Over a third of U.S. vegetables and over three-quarters of the country’s fruits and nuts are grown in California, according to the California Department of Food and Agriculture. The state’s farms and ranches generated nearly $60 billion in agricultural sales in 2023.

Of the four immigrant farmworkers Reuters spoke to, two are in the country illegally. These two spoke on the condition of anonymity, out of fear of being arrested by ICE.

One, aged 54, has worked in U.S. agricultural fields for 30 years and has a wife and children in the country. He said most of his colleagues have stopped showing up for work.

“If they show up to work, they don’t know if they will ever see their family again,” he said.

The other worker in the country illegally told Reuters, “Basically, we wake up in the morning scared. We worry about the sun, the heat, and now a much bigger problem – many not returning home. I try not to get into trouble on the street. Now, whoever gets arrested for any reason gets deported.”

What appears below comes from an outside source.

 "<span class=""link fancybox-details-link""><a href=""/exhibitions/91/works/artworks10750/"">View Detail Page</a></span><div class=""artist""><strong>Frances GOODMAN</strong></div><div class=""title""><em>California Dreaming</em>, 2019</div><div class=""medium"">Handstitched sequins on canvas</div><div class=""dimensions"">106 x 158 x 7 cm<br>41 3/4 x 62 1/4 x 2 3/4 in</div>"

To be sure, some farmworker community groups said many workers were still returning to the fields, despite the raids, out of economic necessity.

The days following a raid may see decreased attendance in the field, but the workers soon return because they have no other sources of income, five groups told Reuters.

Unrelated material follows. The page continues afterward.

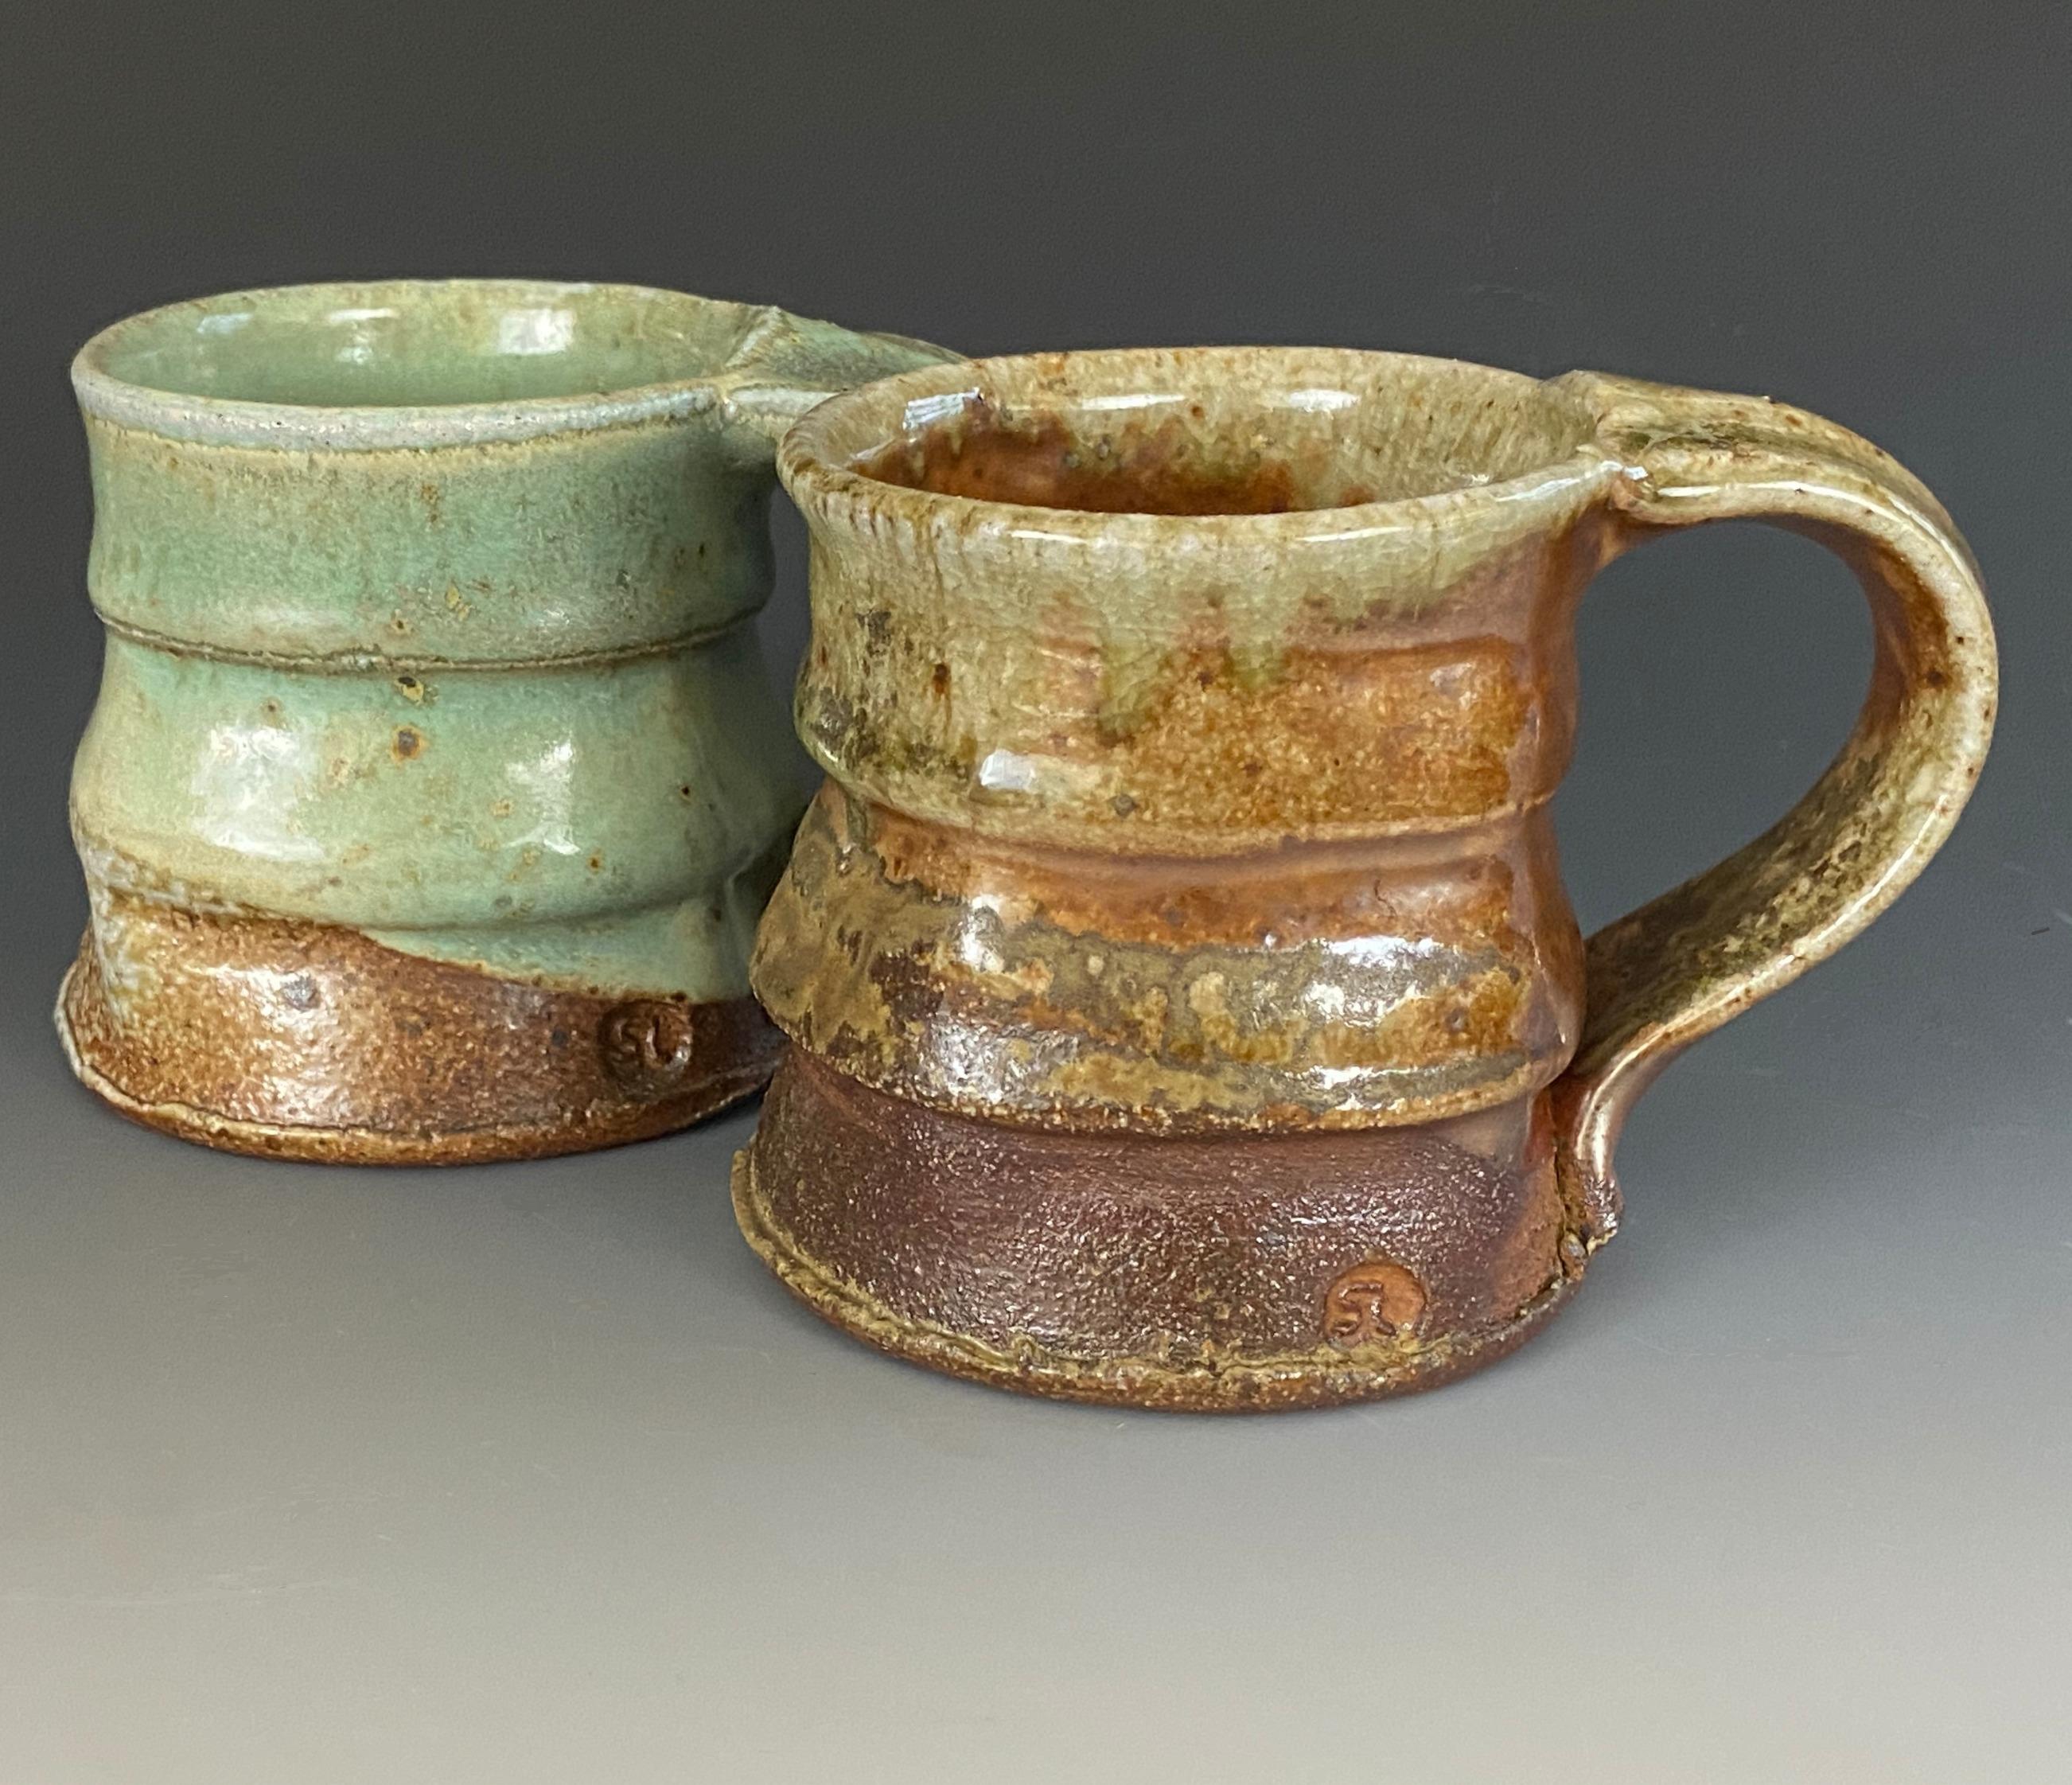 Stephen Lally Pottery

Workers are also taking other steps to reduce their exposure to immigration agents, like carpooling with people with legal status to work or sending U.S. citizen children to the grocery store, the groups said.

ICE Chill

Trump conceded in a post on his Truth Social account this month that ICE raids on farm workers – and also hotel workers – were “taking very good, long-time workers away” from those sectors, “with those jobs being almost impossible to replace.”

Trump later told reporters, “Our farmers are being hurt badly. They have very good workers.” He added, “They’re not citizens, but they’ve turned out to be great.”

He pledged to issue an order to address the impact, but no policy change has yet been enacted.

Trump has always stood up for farmers, said White House spokeswoman Anna Kelly in response to a request for comment on the impact of the ICE raids to farms.

“He will continue to strengthen our agricultural industry and boost exports while keeping his promise to enforce our immigration laws,” she said.

Bernard Yaros, Lead U.S. Economist at Oxford Economics, a nonpartisan global economics advisory firm, said in a report published on June 26 that native-born workers tend not to fill the void left by immigrant workers who have left.

“Unauthorized immigrants tend to work in different occupations than those who are native-born,” he said.

ICE operations in California’s farmland were scaring even those who are authorized, said Greg Tesch, who runs a farm in central California.

“Nobody feels safe when they hear the word ICE, even the documented people. We know that the neighborhood is full of a combination of those with and without documents,” Tesch said.

“If things are ripe, such as our neighbors have bell peppers here, (if) they don’t harvest within two or three days, the crop is sunburned or over mature,” said Tesch. “We need the labor.”